Who have I or you blessed today?
Oh sure, some of us come to church reasonably regularly and by supporting the institution can claim some credit for making a meaningful contribution to our neighbors' well-being.  We may even participate on a committee or two over the course of the years.  And we volunteer occasionally.  In sum, we're self-considered "good people."  And, indeed, what we do and what we contribute are truly good things.

But did this goodness cost us anything, really?  Did we have to sacrifice meaningfully to achieve it?

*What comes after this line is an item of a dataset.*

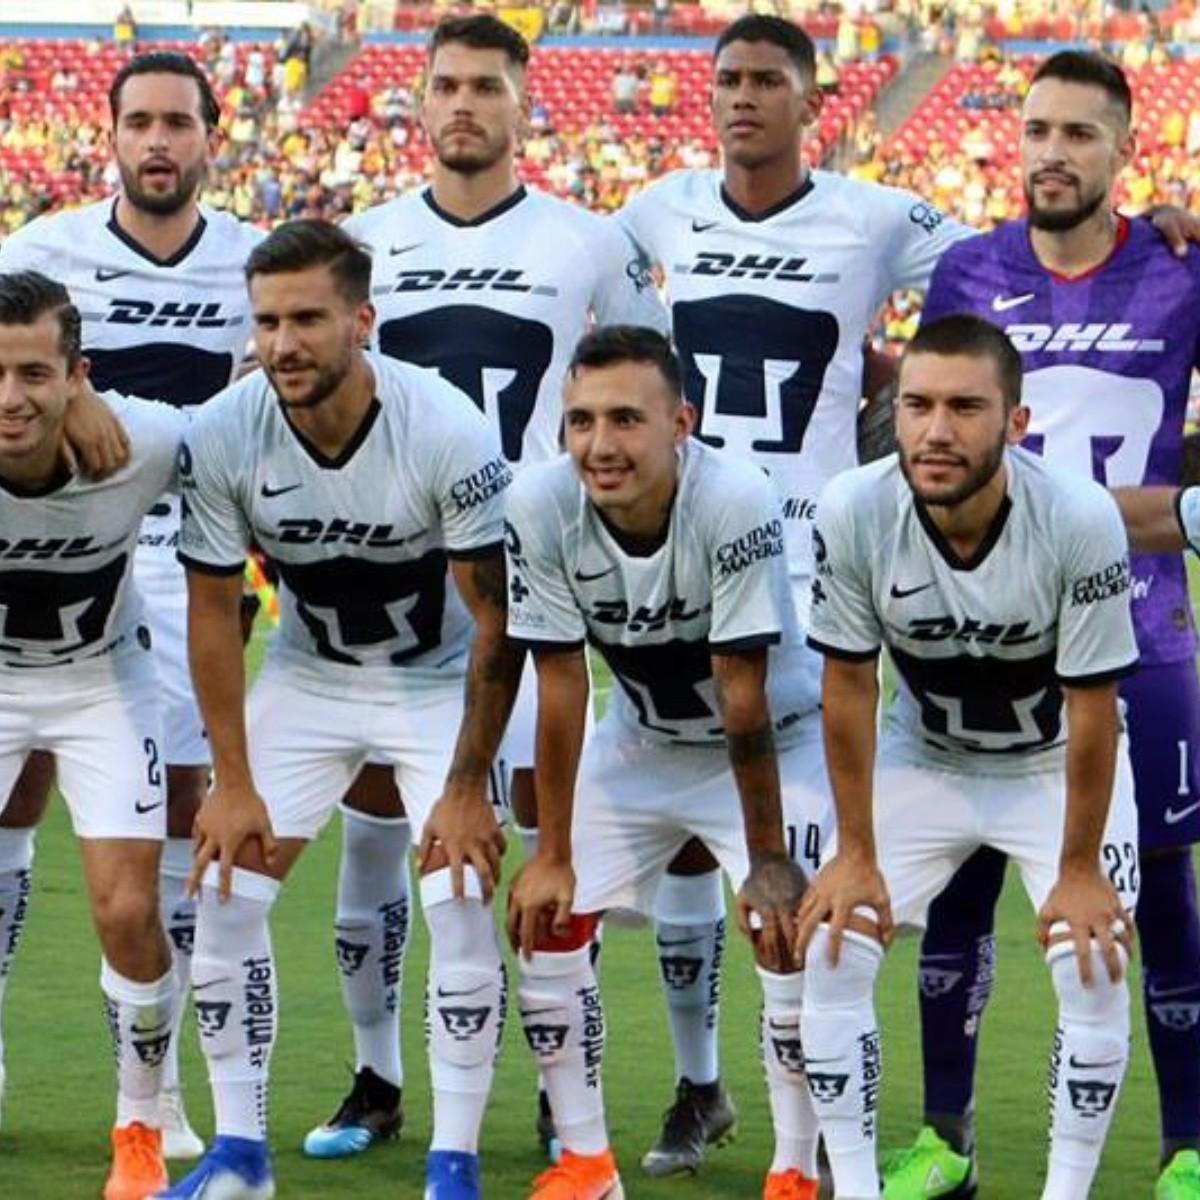 simpatía válvula España  Los nuevos dorsales de Pumas UNAM para el Torneo de Apertura 2019 | Dale  Pumas
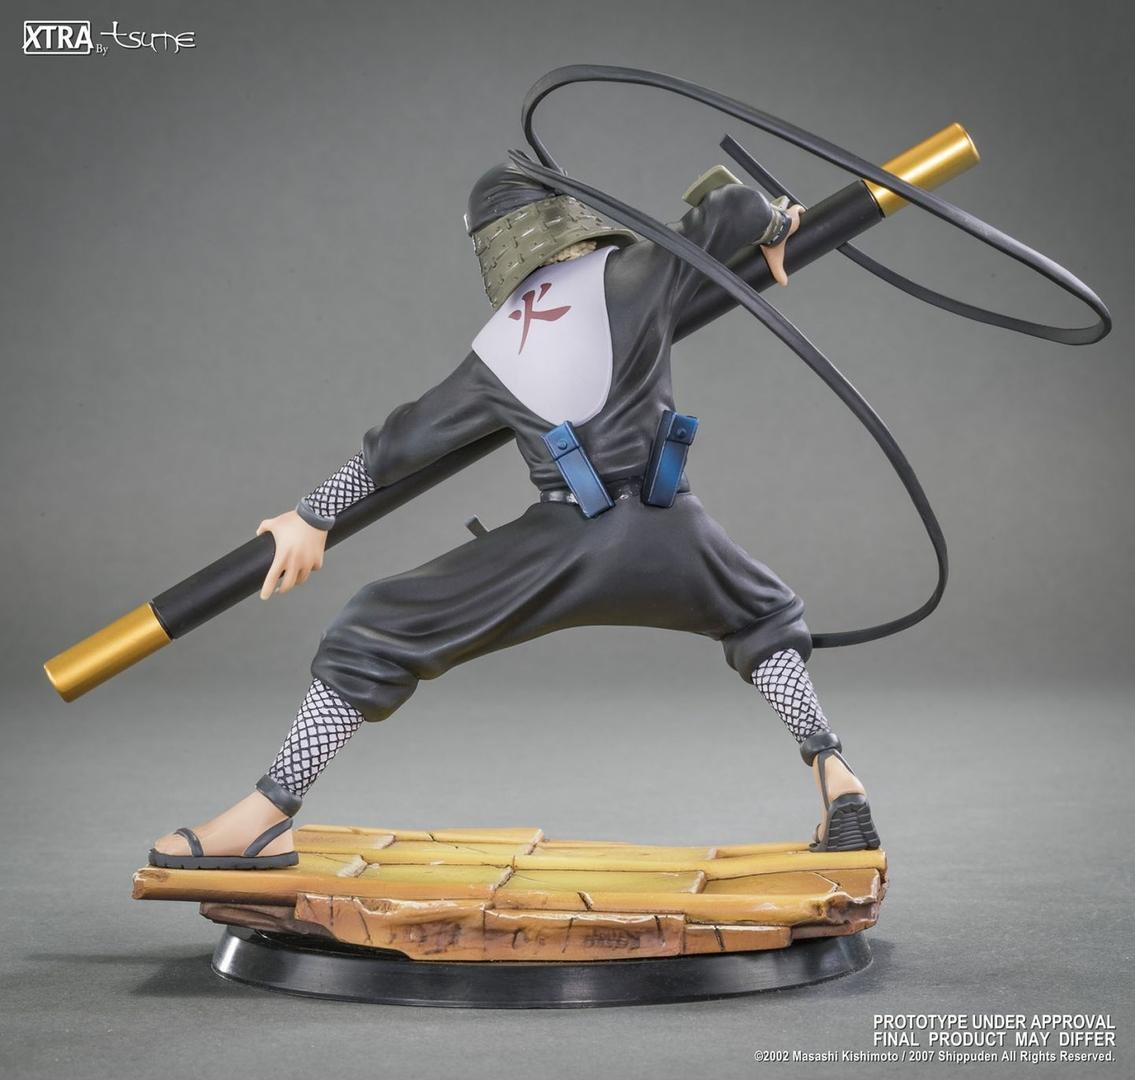 Statuette Naruto Shippuden Hiruzen Sarutobi Xtra Tsume 16cm 1001 Figurines 5

Whenever I ask myself this seriously - and others rhetorically - the answer always seems more tepid than it should be.  If I/we follow a Patron whose altruism was complete and whose example of selflessness truly legendary, shouldn't our experience of followership be a more meaningfully proactive one?  If Jesus gave his life, shouldn't we at least have to give enough to force us out of our comfort zones?  If we're really going to call and consider ourselves Christians, shouldn't we be forced to get beyond our 'Comfortable Christianity'?

When I look at my own congregation, whom I'm fortunate to serve as a Warden, I'm proud of our collective good works.  And yet, in my heart of hearts, I know that we could do so much more ... if we were able to push beyond our comfort zone, our Comfortable Christianity.

Yes, the community kitchen that we support served almost 69,000 meals to neighbors in need last year - something of which we should all be proud because our support of the church leads directly to the support of this worthy effort - but, truth be told, only a small percentage of those who volunteered during this service last year were fellow congregants.  In fact, in this blessed communal meal provision and hunger relief effort, the majority of volunteers are community members who are not members of our church.  I ask myself how many meals we might be able to serve were, say, 25% of our congregation volunteering regularly in this worthy cause ... or 50%....

The same holds true with respect to a recently founded effort, called the "Caring Community," in which we do good works for neighbors in need who are mostly also fellow parish members.  And, despite a growing and impressive list of kindnesses extended - be they meals cooked and brought to shut-ins or rides given to and from doctors' appointments or any other number of legitimately good deeds, what our Jewish friends call mitzvahs - we are always struggling to find more people to participate and thereby to alleviate the increasing burden on the small, core group of leaders who've built this burgeoning and beautiful legacy.  I can't help but ask myself the same question: what if we were able to get 25% of our parish to volunteer regularly, how many more people could we serve?  Or 50%....

In sum, we're a good church, a positive, caring community, but we're also largely focused on what goes on inside the church and far less aware of and committed to taking the love we share in the church out into the broader community and society in a more meaningfully impactful way.  We are afflicted by Comfortable Christianity.

And this affliction is quite costly, though in a less obvious way: its primary toll is in a sort of dual opportunity cost.  The first opportunity cost is that we have engaged fewer people than we could, so we do less good than we can.  This in no way diminishes the appreciable good that we do, but it does represent a huge opportunity missed to do even more of God's work right here and now.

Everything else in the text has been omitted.